Haushaltsrede von Guenter Hofmann bei GR-Sitzung am 21.03.2016


Haushalt 2016


Sehr geehrter Herr BM Bernhard,
verehrte Damen und Herren der Verwaltung,
liebe Ratskolleginnen-und Kollegen,
sehr geehrte Bürgerinnen und Bürger,

ein bewegtes Jahr liegt hinter uns. Festzustellen ist, dass seit der Neubesetzung der Verwaltungsspitze die Sitzungsvorlagen in sehr klarer,
deutlicher und aussagekräftiger Darstellung zugehen. Die Beratungen in sämtlichen Gremien, besonders in den Gemeinderatssitzungen erleben wir
als aufschlussreich, konstruktiv und zielführend, auch dann , wenn unterschiedliche Meinungsbildungen vorherrschen.

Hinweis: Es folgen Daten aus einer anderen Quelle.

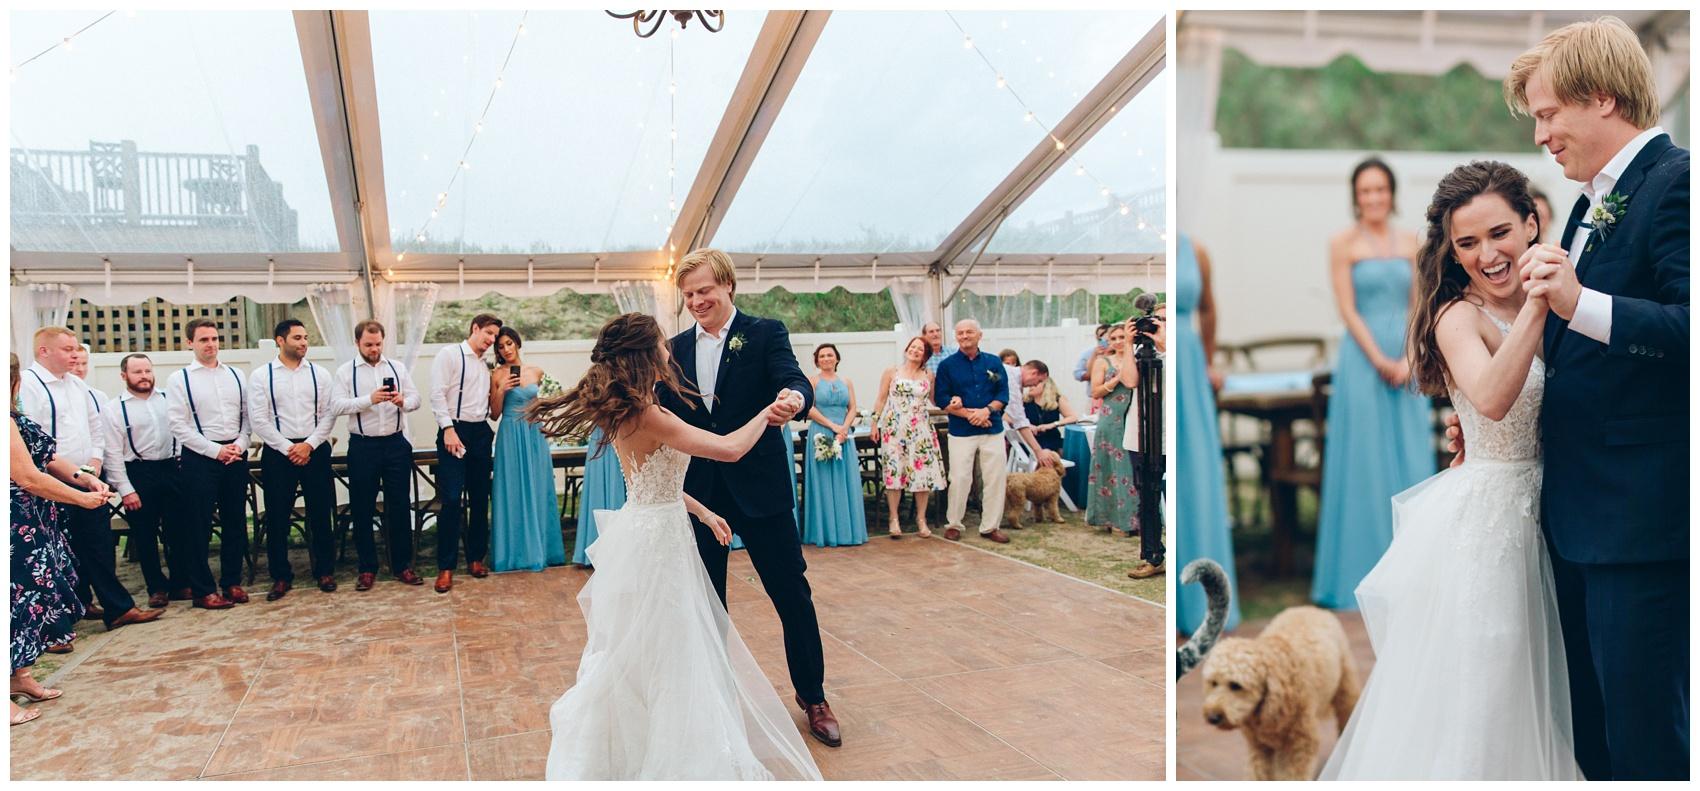 Outer-Banks-Corolla-Wedding_0104.jpg

Rückblickend wurden wir mit vielen Neuerungen und Veränderungen konfrontiert. Als besonders einschneidend ist hierbei die Umstellung des Haushalts
von Kameralistik auf Doppik zu nennen.

Das neue kommunale Haushalts- und Rechnungswesen bietet Bürgerinnen und Bürgern, aber auch der Verwaltung und dem Gemeinderat mehr Transparenz.
Es ermöglicht eine komplette Abbildung des Ressourcenaufkommens und des Ressourcenverbrauchs und damit ein vollständiges Bild über
die tatsächliche Vermögens-, Ertrags- und Finanzlage der Gemeinde. Zudem wird mit diesem Instrument der intergenerativen Gerechtigkeit Rechnung getragen.

Die Umstellung machte erstmals in vollem Umfang deutlich, wie dringend notwendig es für die Gemeinde ist, absolute "Pflicht geht vor Kür" walten zu lassen.
Dieses Wort unseres BM Herrn Bernhard, das seit seinem Amtsantritt immer wieder zu hören war und das für die LLT seit Jahren Gültigkeit hat.

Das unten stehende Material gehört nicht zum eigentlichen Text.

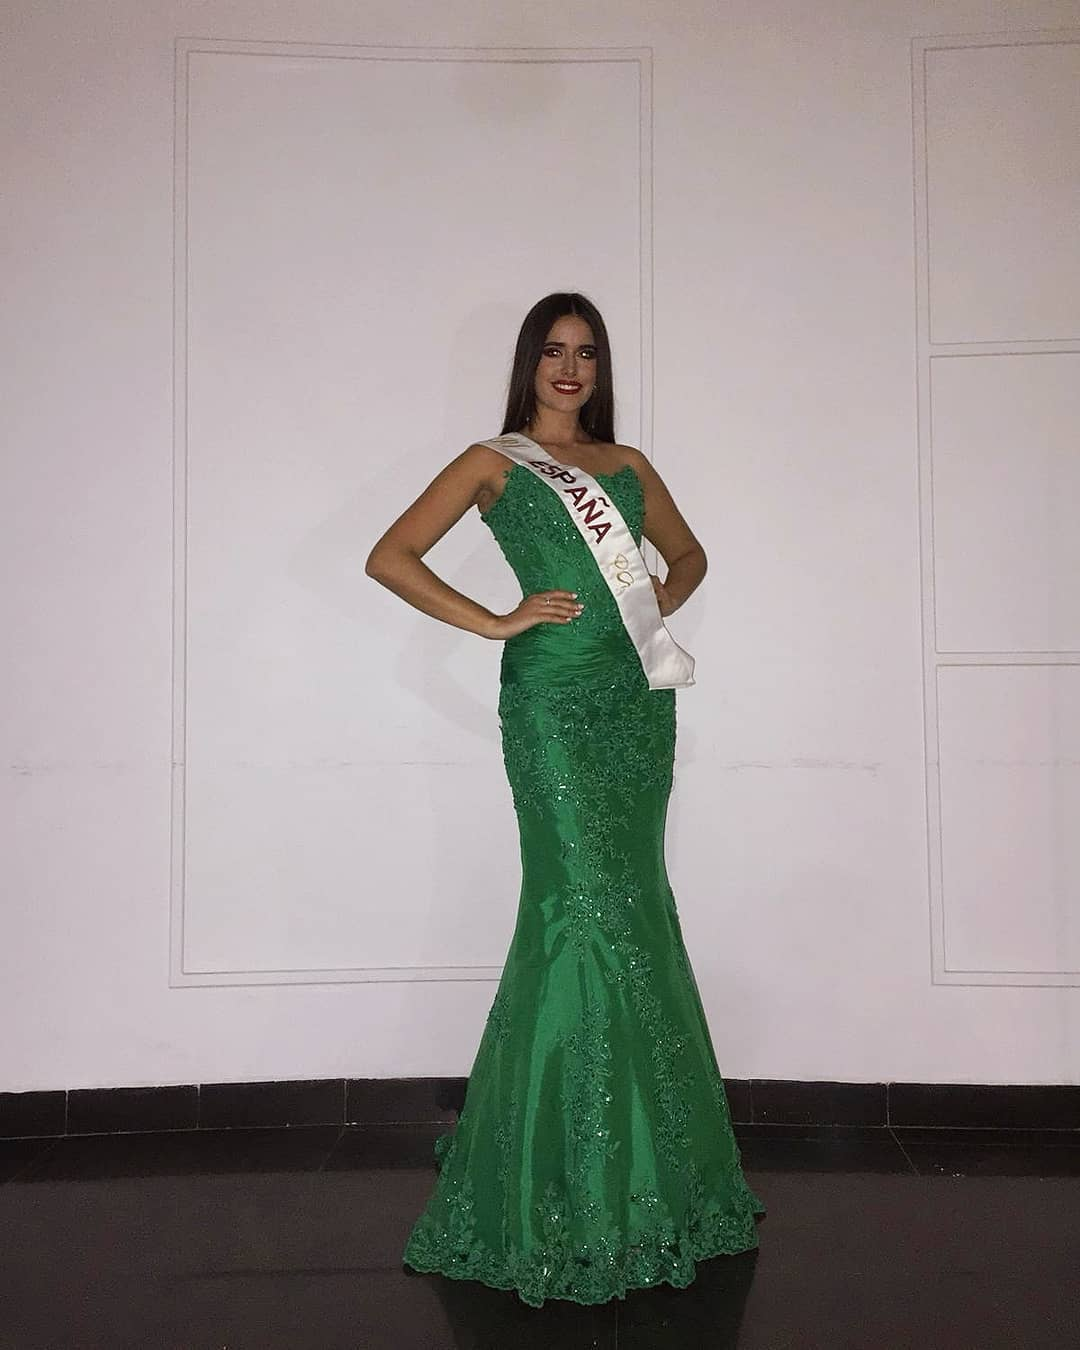 magnolia martinez, miss espana hispanoamericana 2018. - Página 3 43710410

Der erste vorläufige Ausdruck des Haushalts 2016 hat allen im Ratsgremium die Augen geöffnet und deutlich gemacht, welchen Stellenwert
die vorgenannte Aussage "Pflicht geht vor Kür" bei künftigen Beratungen und Entscheidungen einnimmt.

Zwei kurz aufeinander folgende Sitzungen mussten für die Vorberatung des Haushalts 2016 einberufen werden. Bei der Beratung wurden sämtliche
Positionen auf Notwendigkeit und Dringlichkeit geprüft. Die Erstellung eines genehmigungsfähigen Haushalts konnte nur dadurch erreicht werden,
dass mehrere Vorhaben in Millionenhöhen gestrichen, bzw. in künftige Jahre verschoben wurden.

Trotz dieser drastischen Maßnahmen weist unser Gesamtergebnishaushalt immer noch ein Defizit in Höhe von knapp 3 Mio. € aus. Der Gesamtergebnishaushalt
muss bis zum Jahr 2020 ausgeglichen sein bzw. ein positives Ergebnis abbilden.

Dem Finanzhaushalt ist ein Negativergebnis von beinahe 6 Mio. € zu entnehmen. Das entspricht einer Pro-Kopf-Verschuldung von rund 570 €.

Zu den Schulden im Kernhaushalt addieren sich Verbindlichkeiten der Eigenbetriebe Wasser und Abwasser in Höhe von rund 16, 5 Mio. €.
Damit erhöht sich die Pro-Kopf-Verschuldung auf annähernd 1.870 €.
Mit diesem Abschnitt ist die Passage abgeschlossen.